I finally get it. Now, after all these years, Adele needs me. Not for myself—she’s already proved that she needs my service, if not my affection—but for the one thing my father, in the end, refused her; the income from the house next door.

Adele leaves me alone in the kitchen, snapping off the overhead light on her way out, as if I’m not standing there, as if I’m going to leave it on and cost her more in an electric bill. Old people get freaky about expenses. The fixed income that they welcome at retirement must feel like bait and switch. Inflation and recession screw up the best of plans. Surely this house is mortgage-free. I have no idea what the rents are from next door, but my guess is that they’re substantial enough that Adele and my father have been living comfortably on them since his retirement. Then I think of the yellowed vinyl siding and the neglected yard.

The only window in the kitchen looks out at the big three-decker. I can picture Adele standing in the window, looking over at the house on the day my father came home from the hospital with only his little girl and not his wife. Did her scheming start then, or was she honestly generous, like Diane Santos, with casseroles and kindness?
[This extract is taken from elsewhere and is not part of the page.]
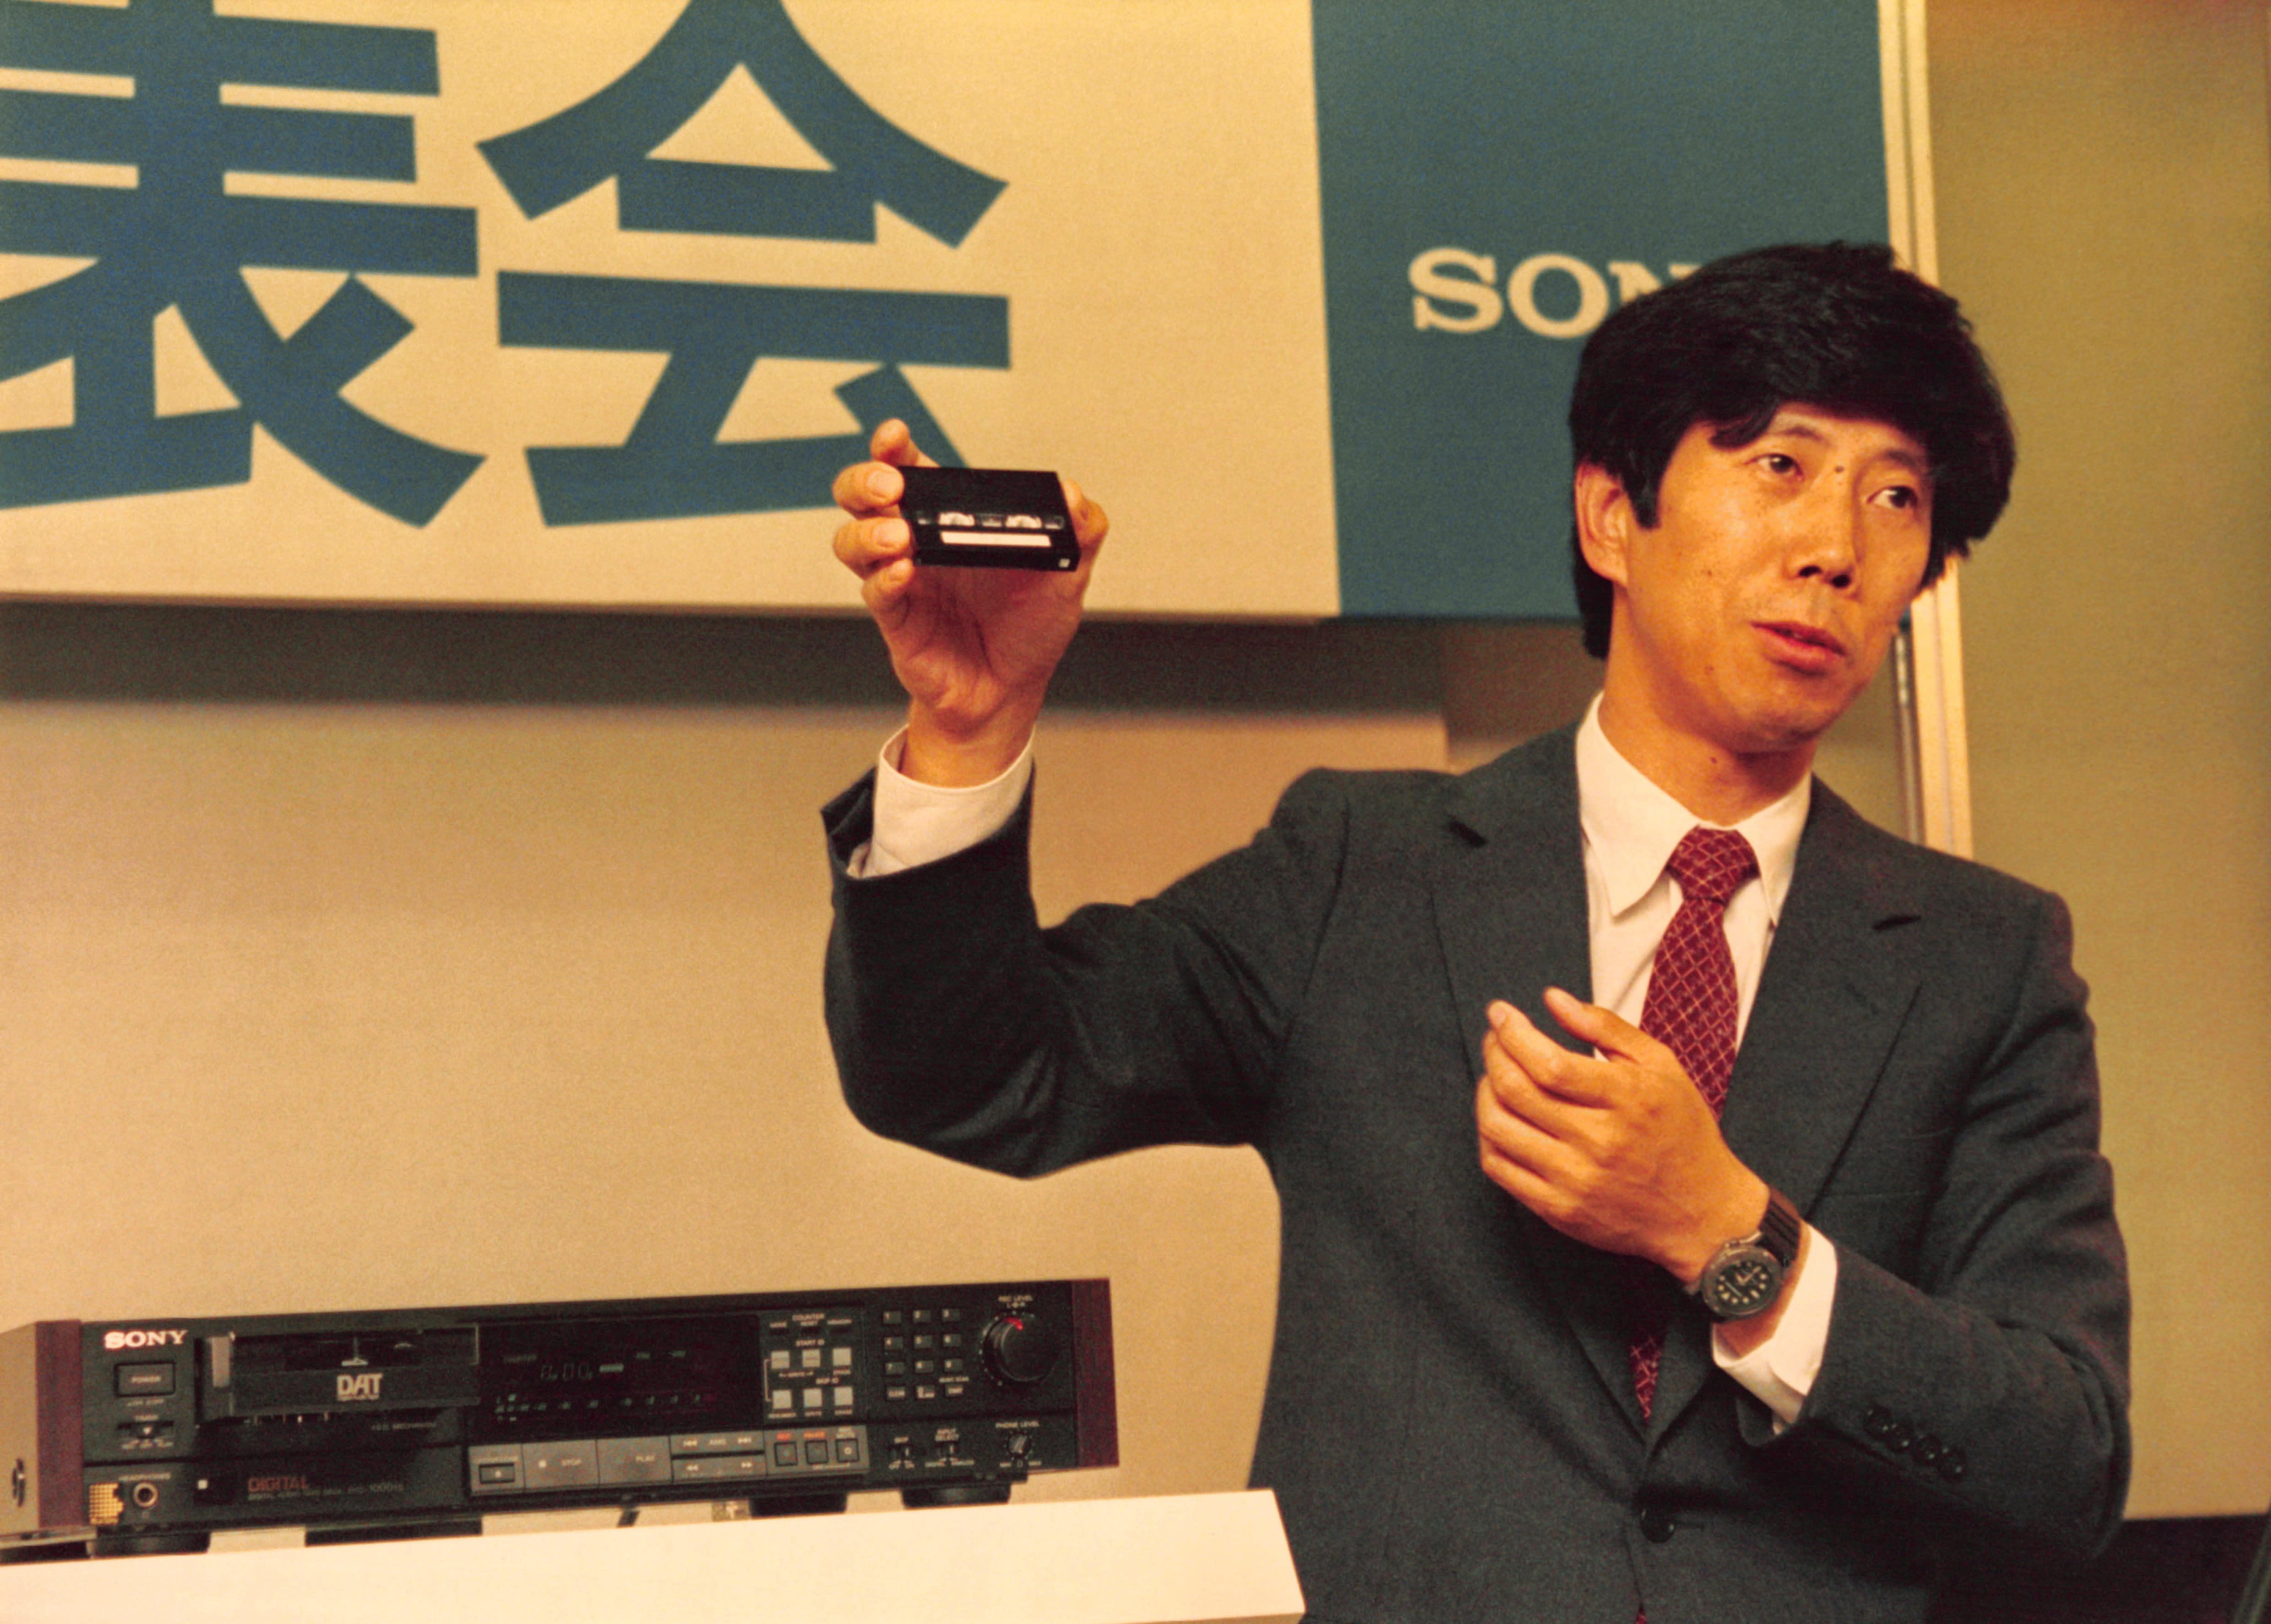 Sony présente le DAT, magnétophone digital en mars 1987 au Japon. (Photo by Kurita KAKU/Gamma-Rapho via Getty Images)

There is nothing more endearing than a man alone with a child. Who could resist? And if the man came with a good job, plus a triple-decker, what woman wouldn’t set her cap for him? It made sense, this moving into Adele’s house, cramming me into a closet. One more rental unit made available.

Adele is in the living room, sitting on the couch that has been my bedroom for the past week. She isn’t doing anything, and I get the impression that she’s waiting for me. I come in and sit in the chair opposite her. Her white hair has lost the just-coiffed look and there is a tiny pull in her stocking. In the big cushy couch, she looks like a gnome. I feel the slow cooling of my stoked temper. She looks like what she is, a fragile old lady.

“The reason he wanted that house to go to you was that he thought you needed the stability.”

I would gladly give up the “stability” of owning the house next door for one moment when my father opened his arms and held me.

I’m exhausted with the day and this conversation. If I had hoped to slouch out of New Bedford with empty promises to keep in touch, I know now that’s impossible. I am forever tied to this woman. “For right now, we’ll split the rents.”

Adele’s expression is more one of victory than of relief and gratitude.

*   *   *

There’s no way I’m staying in that house tonight. I call Paul and tell him that his mother is going to be alone unless he or one of his hulking teenagers comes to granny-sit. I rip off my funeral clothes and stuff them into my duffel. My jeans and a plain white T-shirt feel like home to me. I toss on a navy blue fleece vest and run a brush through my hair. I’m out of here. Except that I have no car. I don’t think I’m up to stealing Adele’s car, even if only for the night. I call a cab and sit on the steps to wait for it. While I wait, I call Mitch. We can indulge in New Bedford’s haute cuisine down on the historic waterfront.